Under the traditional Medicaid model, individuals can receive only “hospice” services and only after their doctors give them a prognosis of six months to live. Children, however, are much more likely than adults to go in and out of terminal phases multiple times. No family should be forced to give up curative care for their child in order to receive services that are predicated on accepting that their child has no more than six months to live. ChiPACC addresses this problem by combining medical and support services currently available in Medicaid with counseling, respite, and other care that have previously only been available as hospice services.

With appropriate comprehensive and coordinated services under ChiPACC, many emergency episodes can be avoided or anticipated and managed, such that children receive appropriate care in their homes instead of in hospitals, and so that even when they require critical care they can enter the hospital through the front door instead of the emergency room, significantly reducing health care costs.

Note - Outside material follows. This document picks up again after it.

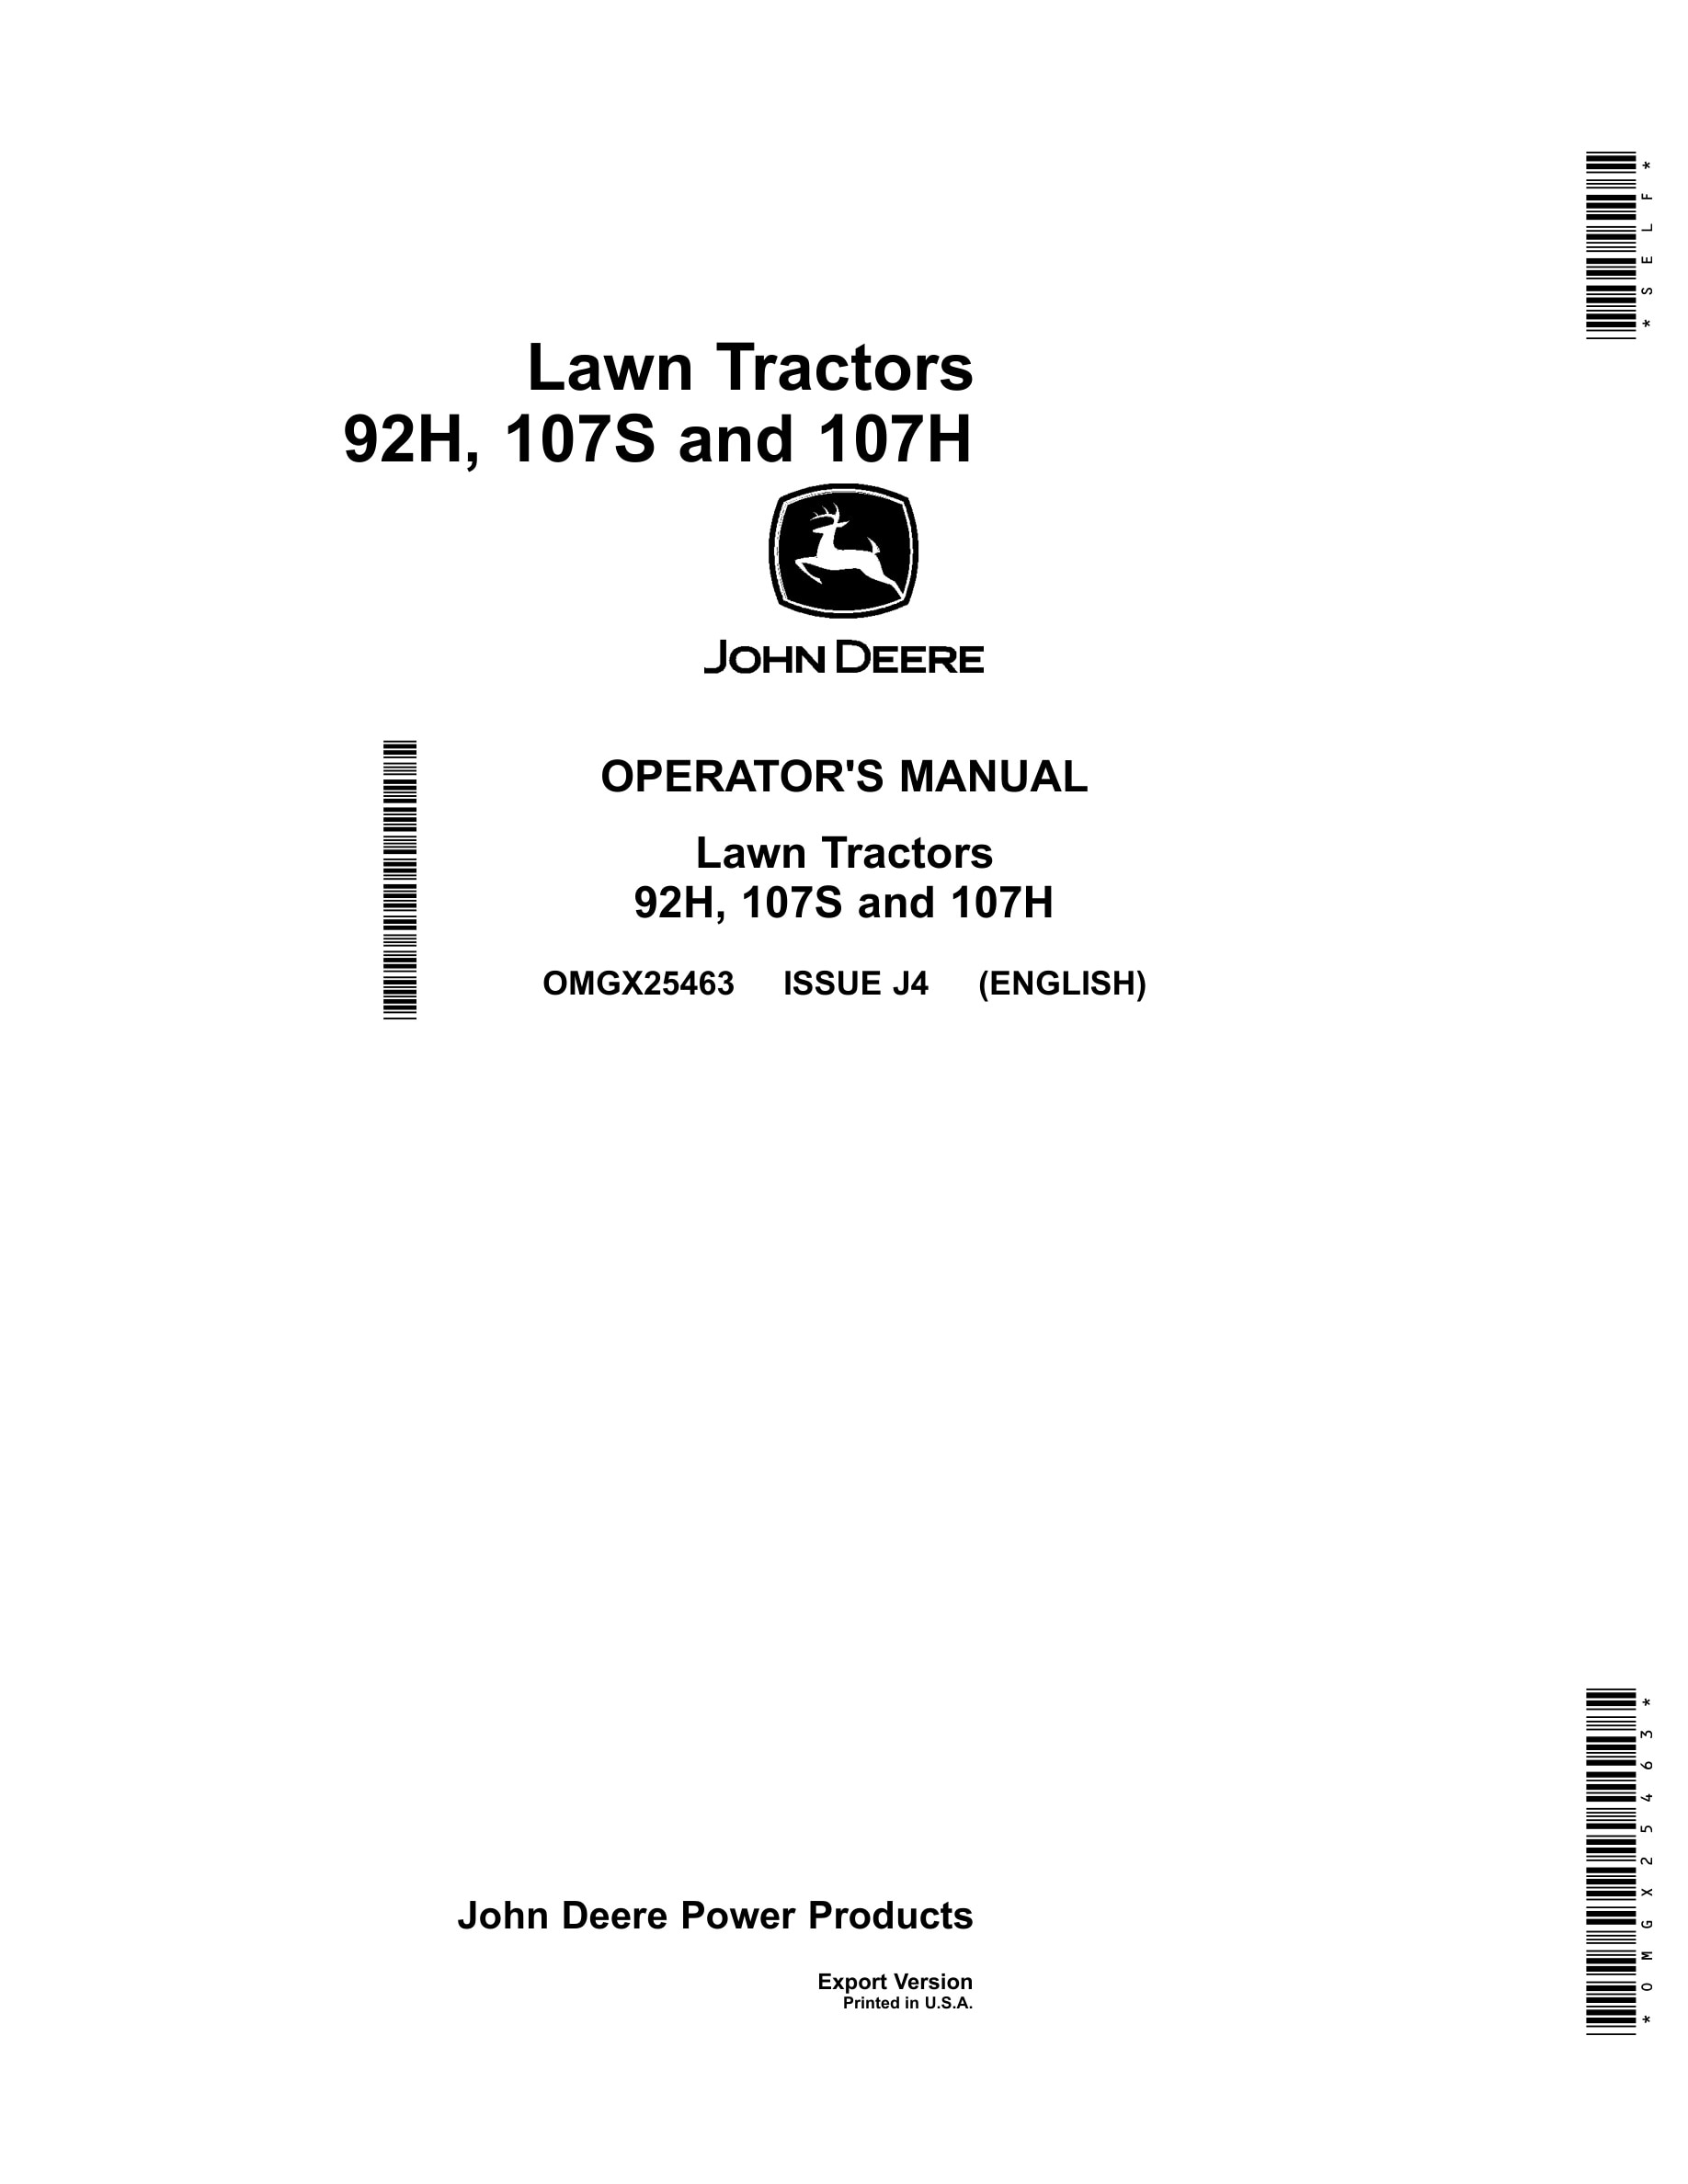 John Deere 92h, 107s And 107h Lawn Tractors Operator Manuals OMGX25463-1

“This landmark health care bill would not have been possible without the leadership and dedication of Congressman Jim Moran,” says Ann Armstrong-Dailey, Founding Director and CEO of Children’s Hospice International. “ChiPACC has been our organization’s goal for more than 30 years.  It will allow more than one million children and their families, who are facing life-threatening illnesses, to receive the comprehensive, compassionate, coordinated care they deserve.”

Children's Hospice International (CHI), a non-profit organization, was founded in 1983 to ensure appropriate hospice and palliative care for children with life-threatening conditions and their families.  CHI provides education, training and technical assistance. Through CHI’s efforts, most of the over 4000 hospices, and many hospitals in the U.S., now consider providing children’s hospice care.